Nous savons maintenant ce que veulent nos personnages : ils recherchent la joie d’être un autre. Précisons : Pas pour se fuir, plutôt pour se multiplier. La multiplication est ludique, elle ne récuse pas l’identité, elle en joue, elle la déborde, diraient nos personnages si on les questionnait sur leur comportement. Donc, exister dans un autre corps sans rien retrancher de soi, c’est leur visée. Ce que faisait Büchner, je vous signale, Büchner qui s’est multiplié en écrivant l’aventure de Lenz dans la montagne. Et ce que font les actrices et les acteurs quand ils jouent les pièces de Lenz et de Büchner, si je vous suis bien? Exact! Regardez-moi, je suis Woyzeck, dit l’acteur qui interprète la pièce de Büchner.
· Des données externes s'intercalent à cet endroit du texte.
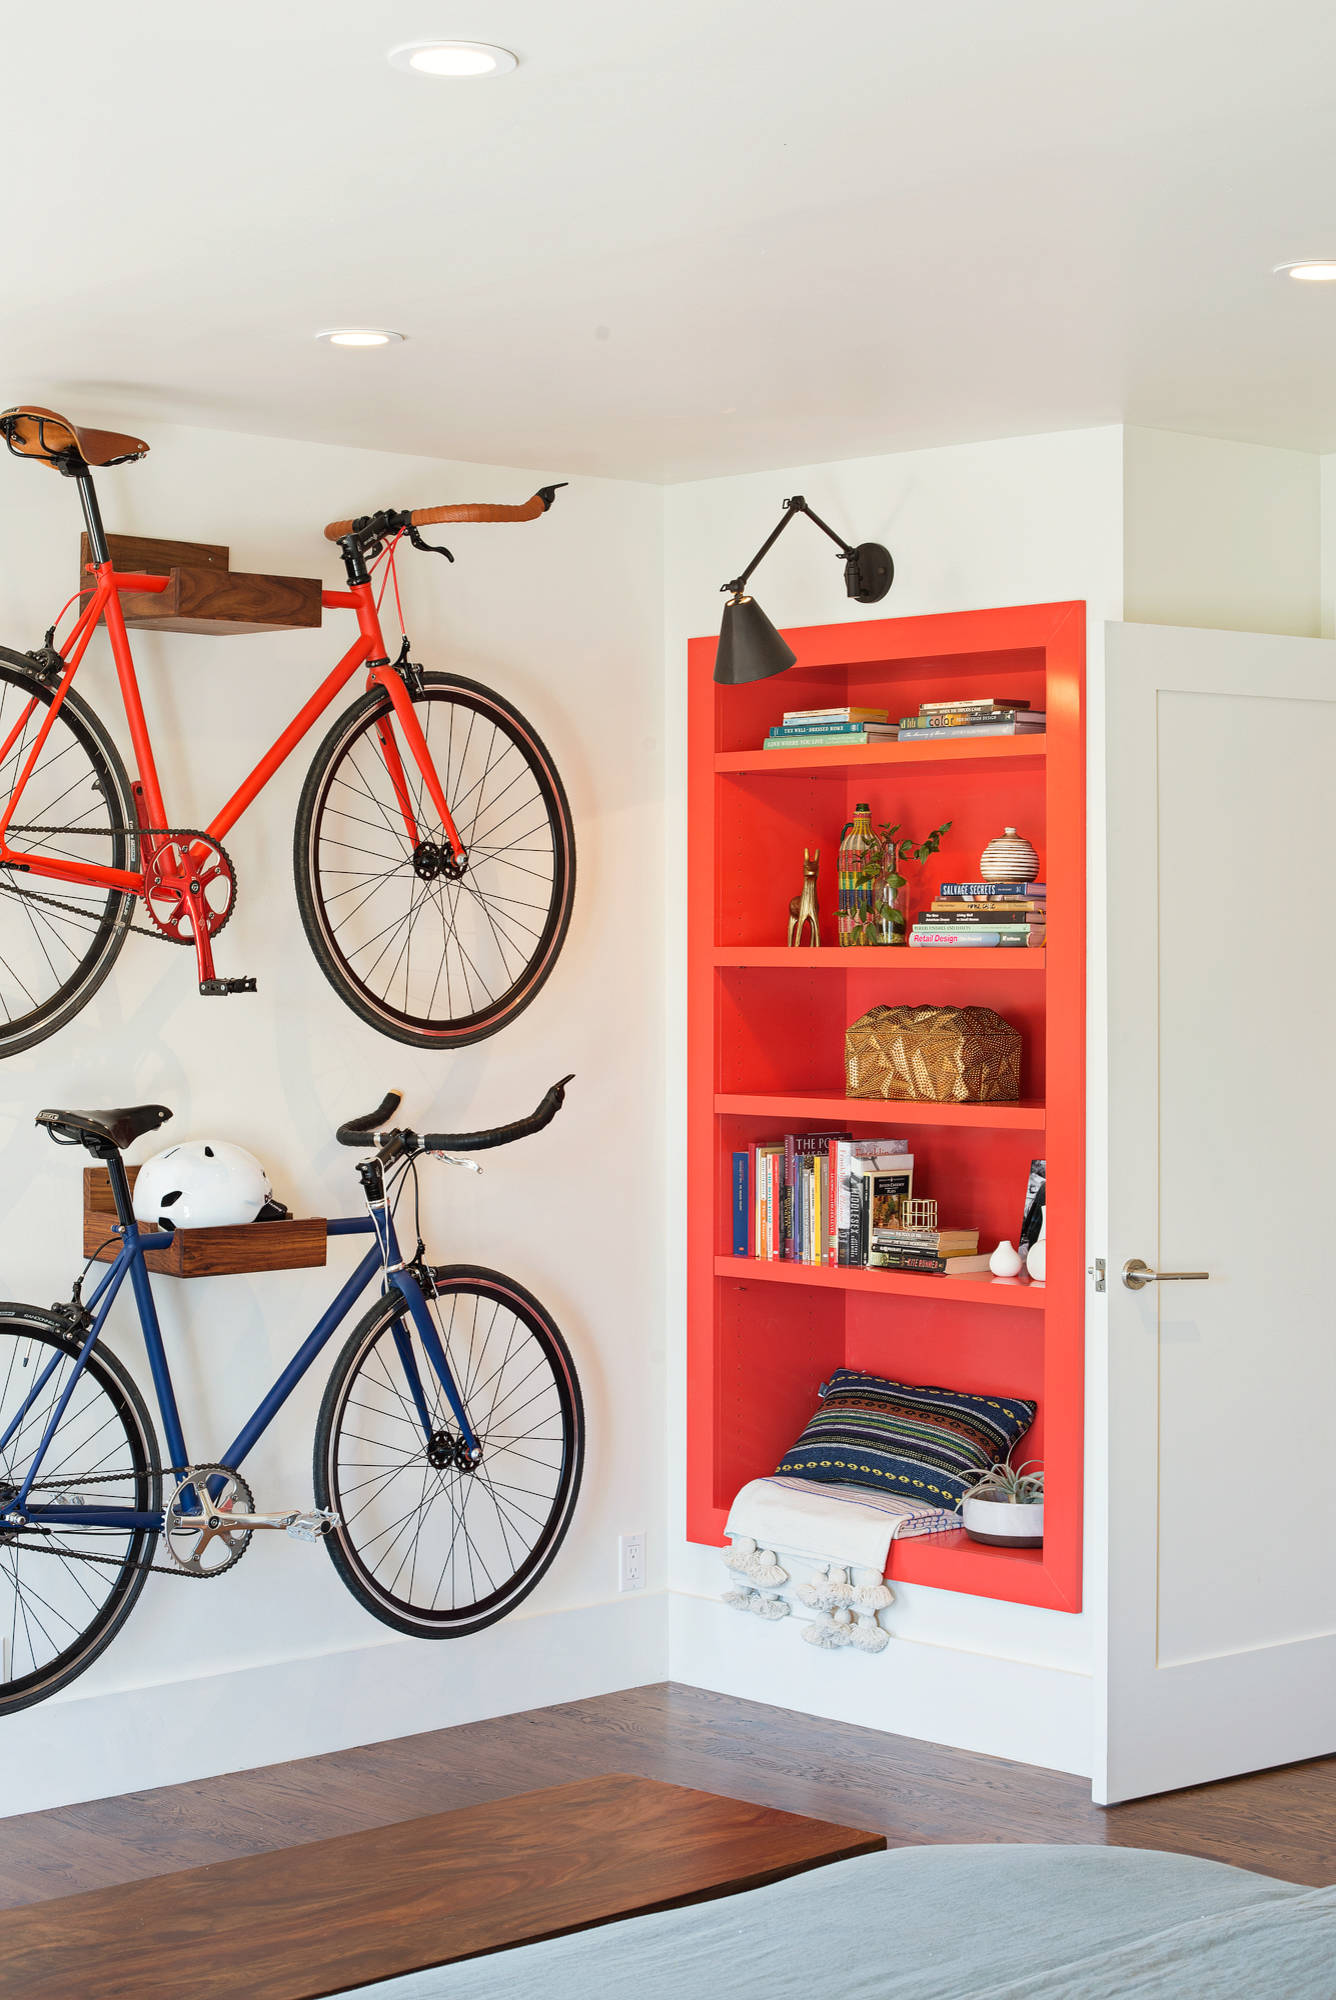 Велосипед в интерьере. Место для хранения велосипеда. Компактное хранение велосипедов. Велосипед на стене в интерьере.
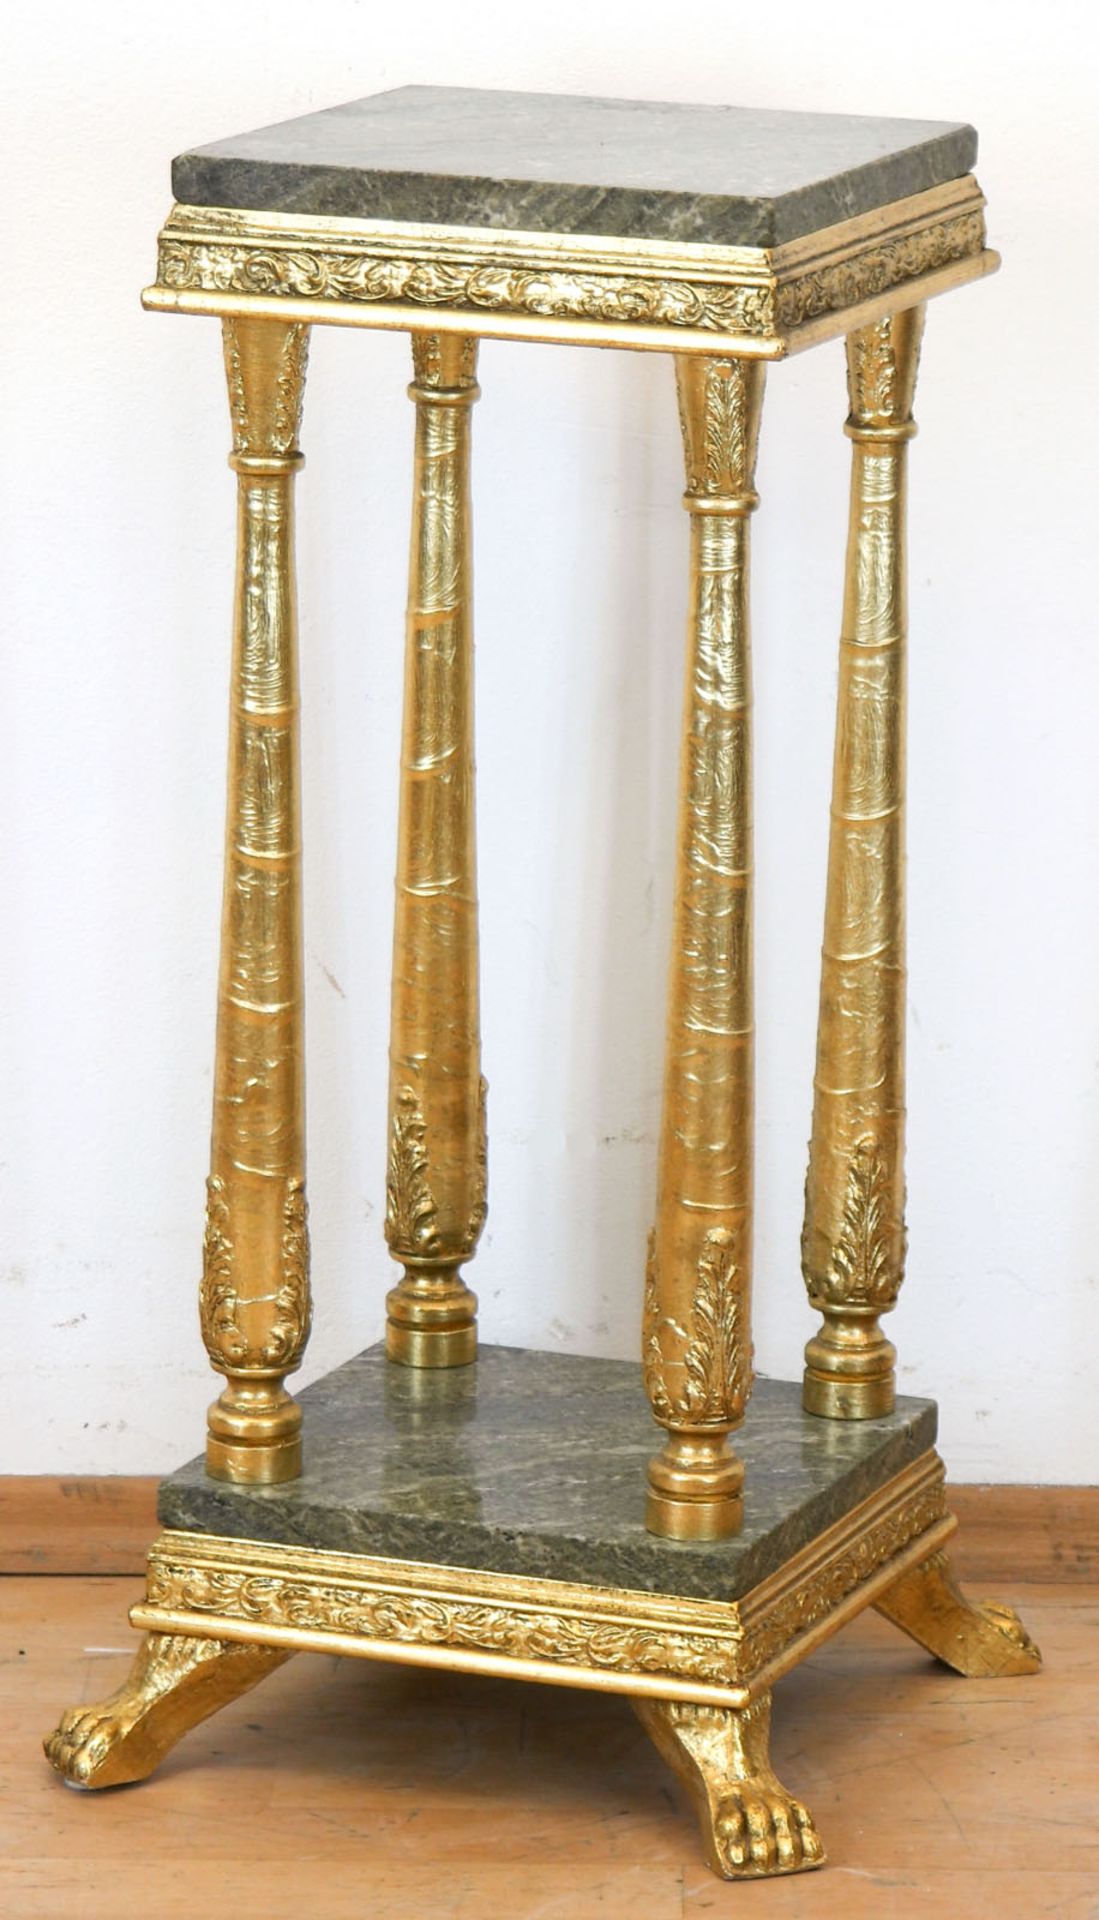 Lampentisch im Louis-Seize-Stil, Holz, vergoldet, Marmorplatte als Deck- und Fußplatte, 66x25x25 cm

Regardez-moi, je suis Marie Wesener, dit l’actrice qui joue celle de Lenz. Sont-ils Woyzeck et Marie? Oui et non. C’est-à-dire? Ils le sont et ils ne le sont pas. Ils le sont quand bien même toi, moi et eux nous savons qu’ils ne le sont pas. C’est bizarre, le théâtre, pas vrai? C’est peut-être bizarre, mais c’est comme ça.

Ouvrons les portes de l’imagination. Ce que Lenz accomplit dans la folie, ce que Büchner incarne par l’écriture, ce que les acteurs se donnent par personnages interposés, pourquoi nos personnages ne pourraient-ils pas l’accomplir en toute raison, en toute lucidité, guidé par la certitude d’une vie plus riche, plus intense, plus nourrie? Et si être ce qu’on n’est pas était la plus belle promesse de l’être humain? La certitude enfin acquise de ne pas être un rat condamné à son trou. Fini l’animal humain qui s’épuise dans le terrier de l’unidimensionnel. « Fini la litanie du « sois toi-même » qu’on nous colle au cul ; moi, à ceux que je suis déjà, je veux ajouter ceux que je ne suis pas encore » disent nos personnages. Catégoriques. 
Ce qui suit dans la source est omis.